Thursday, February 9, 2012

Barnum's American Museum


Barnum's Amercian Museum was a museum in "Whitman's New York."  He was recorded as going there at least a couple times and he even interviewed Mr. Barnum himself whose vision of the museum was to show what life is.  He is quoted as saying, "here it is life" (240).  I feel like Whitman would be intrigued with the attractions of the museum.  There was a Lecture Room, wax museum, zoo, and theatre.  All attractions that have to do with the arts, with the art of imagination and nature.

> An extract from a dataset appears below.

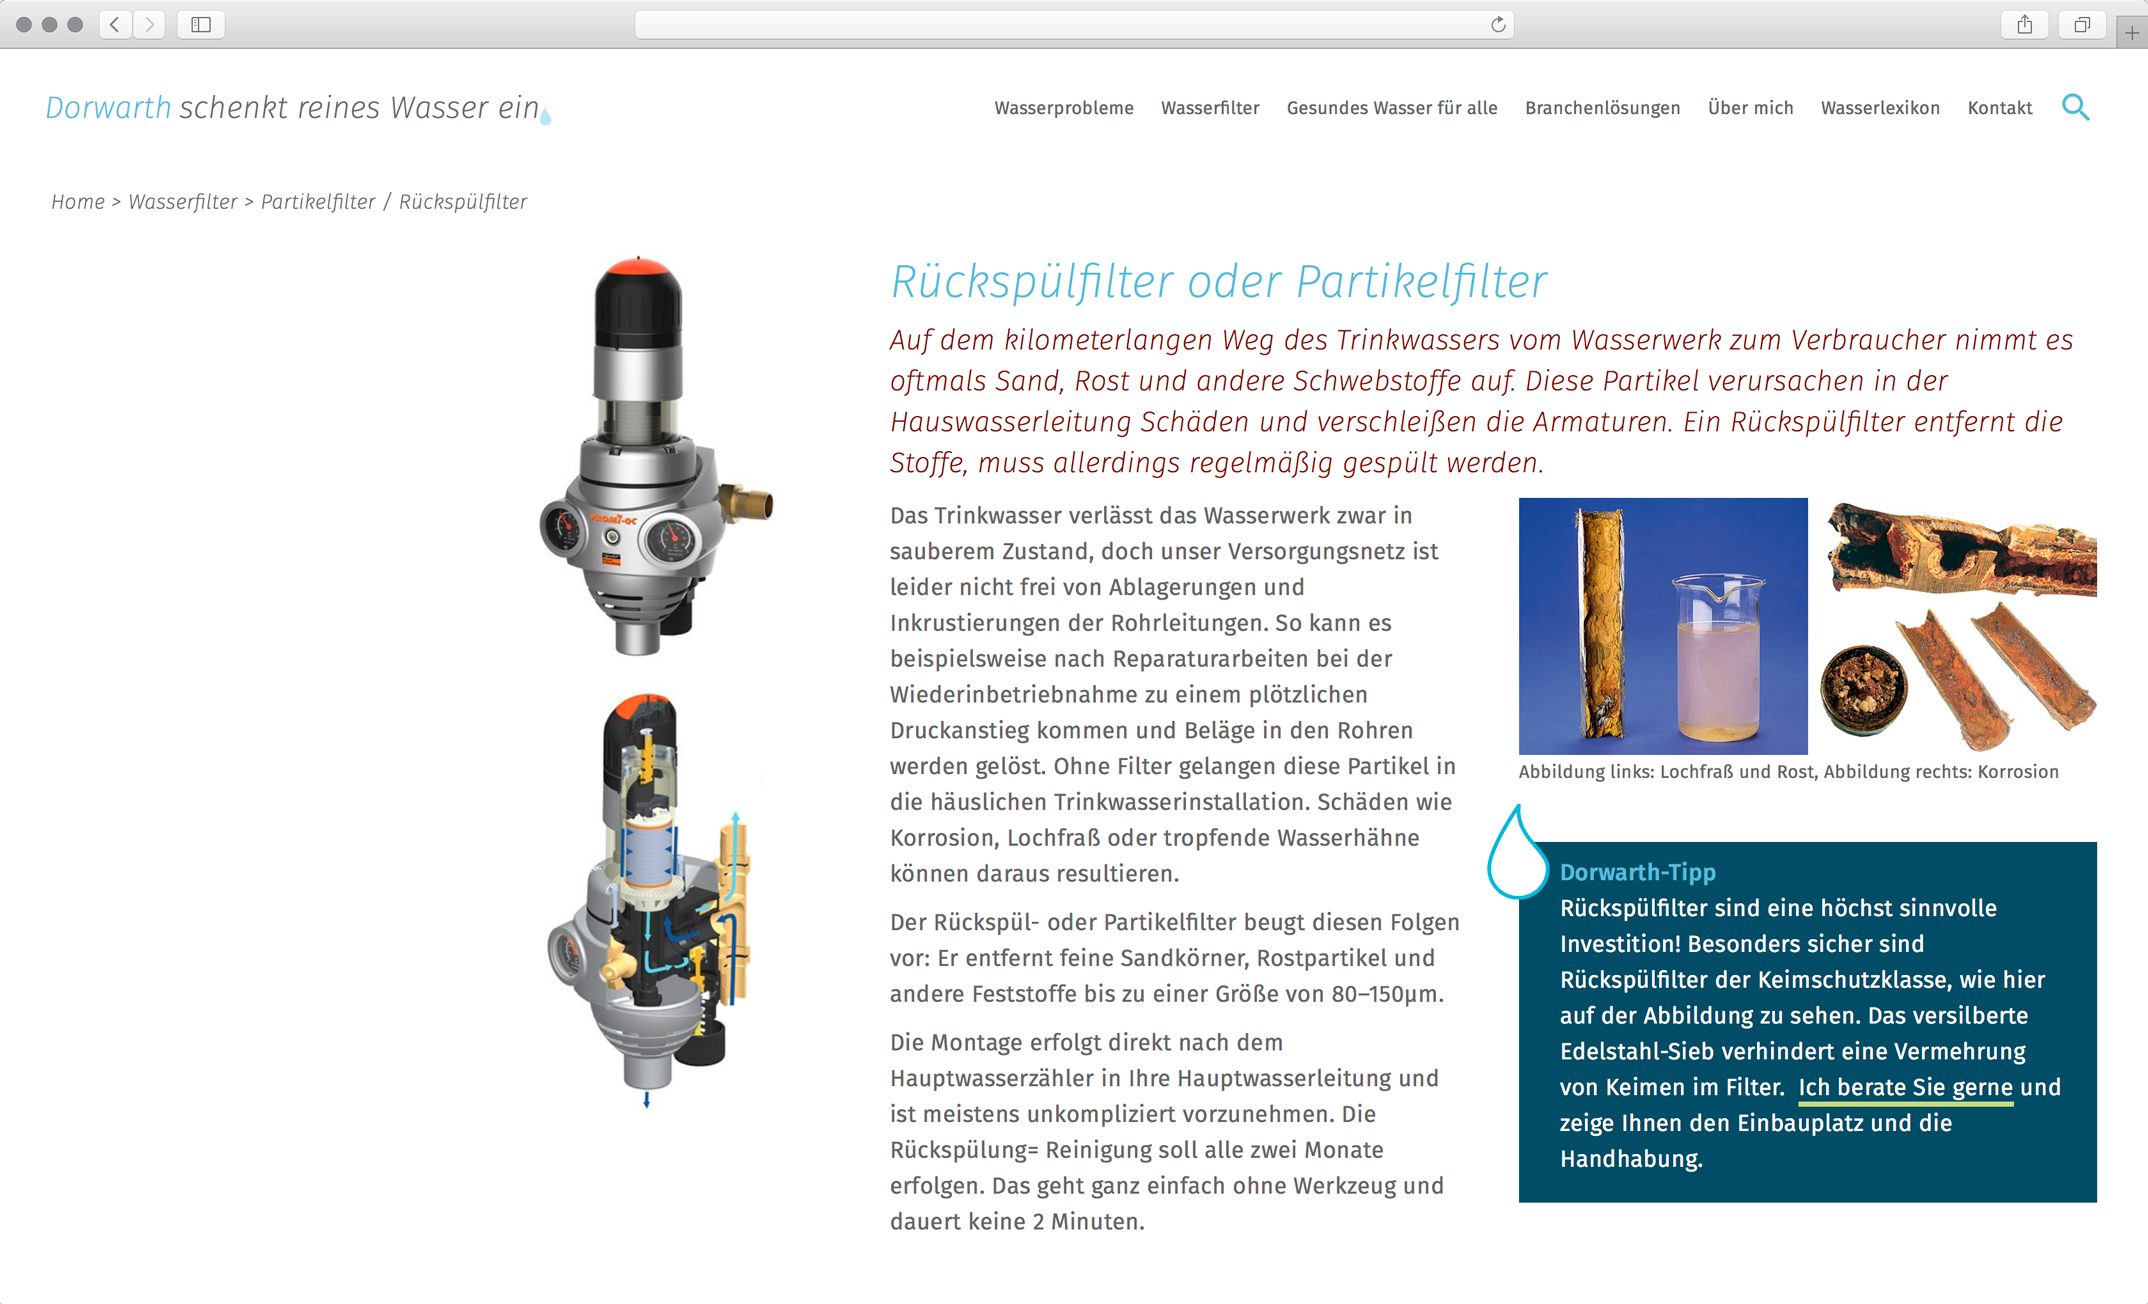 Webdesign, Unterseite Rückspülfilter und Partikelfilter – Corporate Website, Dorwarth Wasserexperte, Besseres Wasser Berlin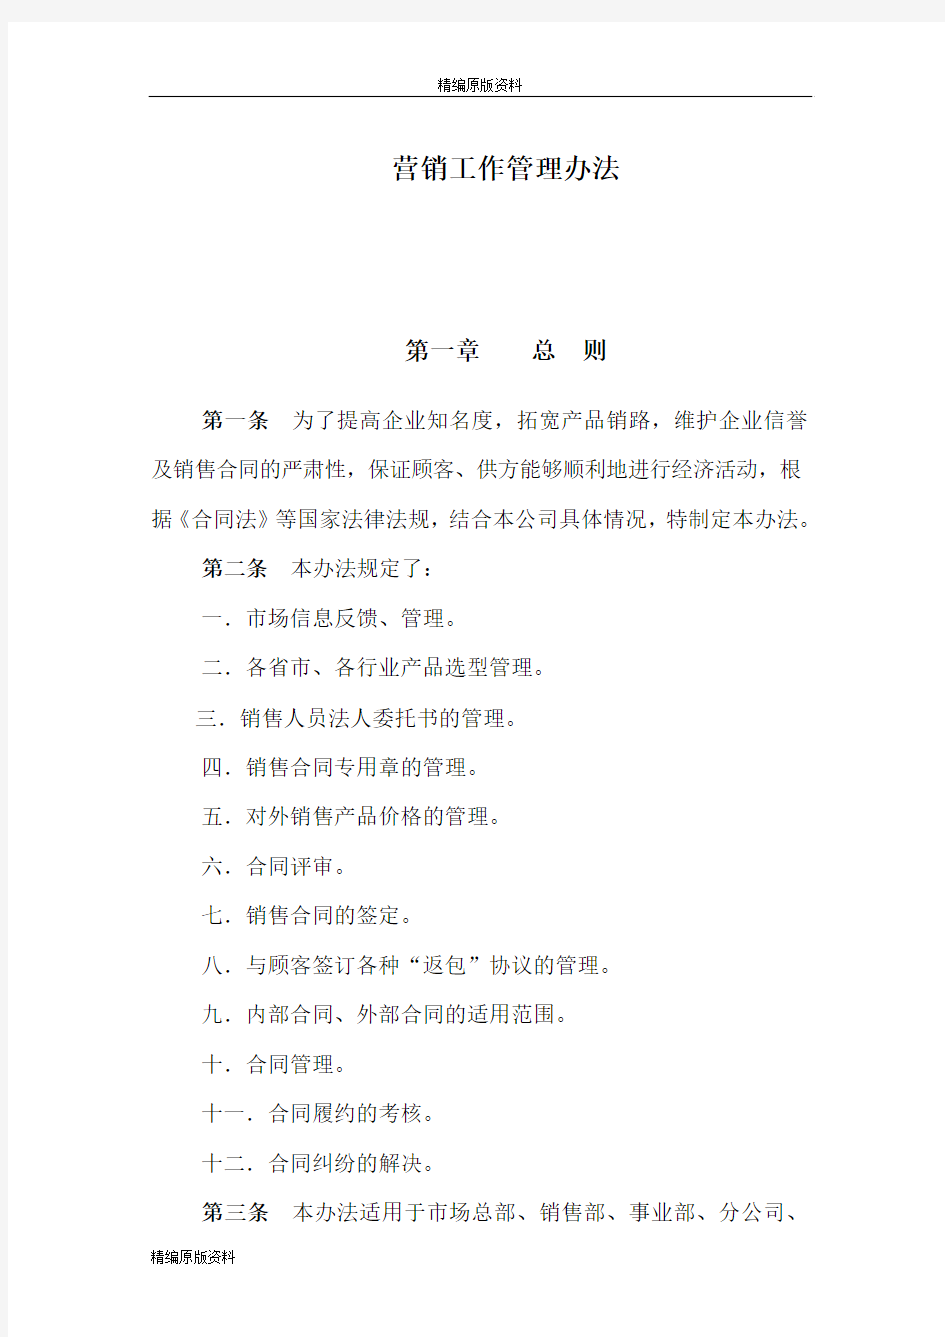 【精编原版】北京首信股份有限公司营销工作管理办法

I see Whitman going here to experience the quirkiness of life.  There were such things as a mummified monkey and exotic animals.  The types of people going here would be an eclectic mix as well since the items in the attractions were probably not part of the social norm.   It seems that Whitman is very conscious of the people around him which could mean that he would be the type to enjoy people watching.  In an excerpt from Specimen Days, Broadway Sights, he describes Edgar Allan Poe.  "I have a distinct and pleasing remembrance of his looks, voice, manner and matter; very kindly human, but subdued, perhaps a little jaded.  For another of my reminiscences..a bent feeble but stout-built very old man, bearded, swathed in rich furs, with a great ermine cap on his head..."  His descriptions are so specific.

Unfortunately, Barnum's American Museum burned down in 1865.